Came with Suntour group. Ended up installing Shimano 600 seven speed on it and some Mavic wheels with Ultegra hubs that I built. Back then I was seriously training for Body Building competition. I was riding the Nishiki every night as the contest got closer to help get cut up. I ended up selling the Nishiki a few years ago to a friend for 75.00. 

Morgan


----------



## scrooge

*Ah Sweet Nishiki*

Those were the days. Suntour components, vetta seats . . .
Actually, I just got rid of the old Nishiki Prestige (I believe it was an 86, but I don't know exactly because I got it second hand). Actually, that was my second one. I got my first one in seventh grade (peach and yellow), grew out of it, and got the biggest one I could find a couple of years later.

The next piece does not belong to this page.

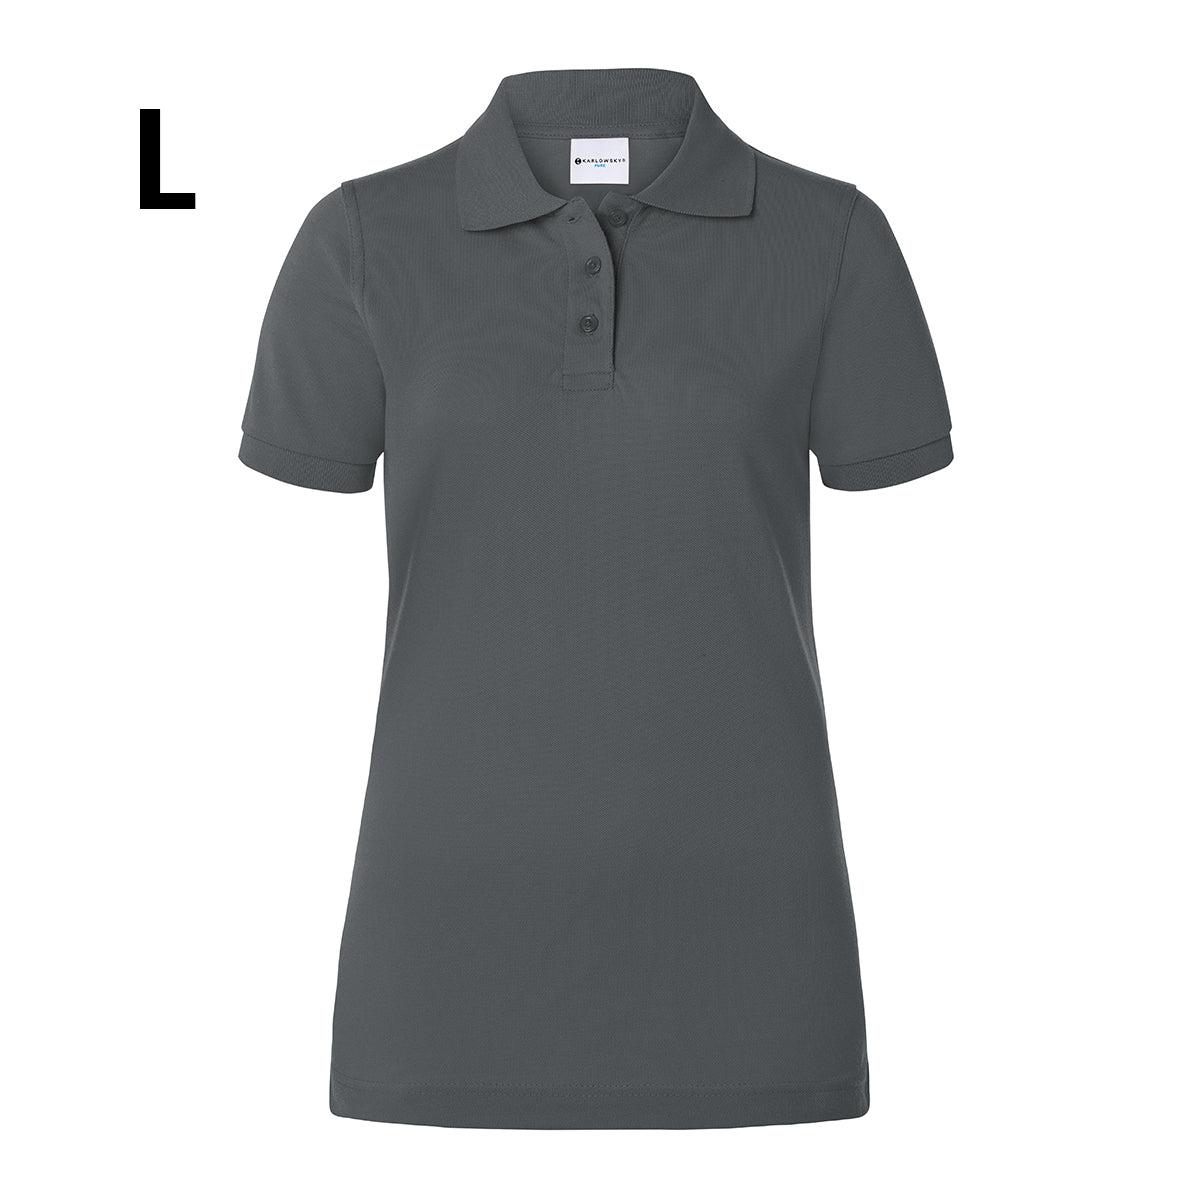 Karlowsky - Arbeidstøy Poloskjorte for kvinner Basic - Antrasitt - Størrelse: L

I gave it to the Salvation Army last summer when I had to move and now I regret it--I wish I had turned it into a commuter. . All I can say for the Nishiki is that it's the bike I fell in love with biking on and it faithfully carried me a lot of miles. Oh, the nostalgia . . .


----------



## commutenow

I have a Nishiki Medalist and it is one smooth riding bicycle! The bike has Suntour Superbe brakes cyclone for the other stuff. Mine is light blue with a little darker blue on the heartube and light blue ribbon tape.


----------



## jimcav

*sure*

my first good bike was a nishiki tri-a back in 86 which was decent tubing and full shimano 600 even had the now riduculed (but cutting edge) biopace cranks.
i gave it up when i went to school, but it (in my mind at least) was a wonderful, smooth ride

no real reason to get one now--if you are going vintage for a reason, there are other better bike frames.

jim


----------



## zeytin

*NOS Nishiki*

I was looking at a NOS 80s Nashiki recently for my brother. The shop owner just got it out of the storeroom and assembled it. It is pristine and has the Suntour group. I wasn't sure if it was worth what he was asking.


----------



## moe24

quick question how can i find out what year my road bike is or made? its a nishiki prestige road bike any help will do thanks


----------



## BlueSid

*Nishiki*

Raleigh owns both Nishiki and Univega and has shelved both brands. I would doubt that either brand will resurface anytime soon.


----------



## are

*Nishiki aluminium*

I have a Nishiki Triathalon - aluminum, marked as "handcrafted by Kawamura". I got it in 1987 or 1988. It came with a mix of Suntour Sprint and Superbe Pro components. It's heavy by today's standards. It was never a great fit for me, but a nice bike. Very durable, too - I crashed it several times and there was never any damage beyond a few scratches. I keep thinking about fixing it up a little and making it a city/commuter type bike, but I haven't had the chance (or the need).


----------



## bbnaz

*nishiki semi pro*

from the 70s........still have it but like my TREK (duh) much better. However, with the green dice on the shrader valves, it isn't going anywhere anytime soon. it is my original geared bike. cost me $50 used.


----------



## osteomark

*Nishiki Prestige*

I have a Nishiki Prestigue about 1984 silver and red.
It is 2 sprockets in front and 6 in the rear. Can I get a 7 or 8 sprocket? It's a heavier bike so I get killed on the hills and can not get a small enough gear for the down his. I spin out at 35mi/hr in 12th gear. 
Mark


----------



## sport7

My first good bike was a Nishiki International bought back in 1974. The bike was brown and beautiful, took me through the rest of High School and regrettably sold when joining the military. 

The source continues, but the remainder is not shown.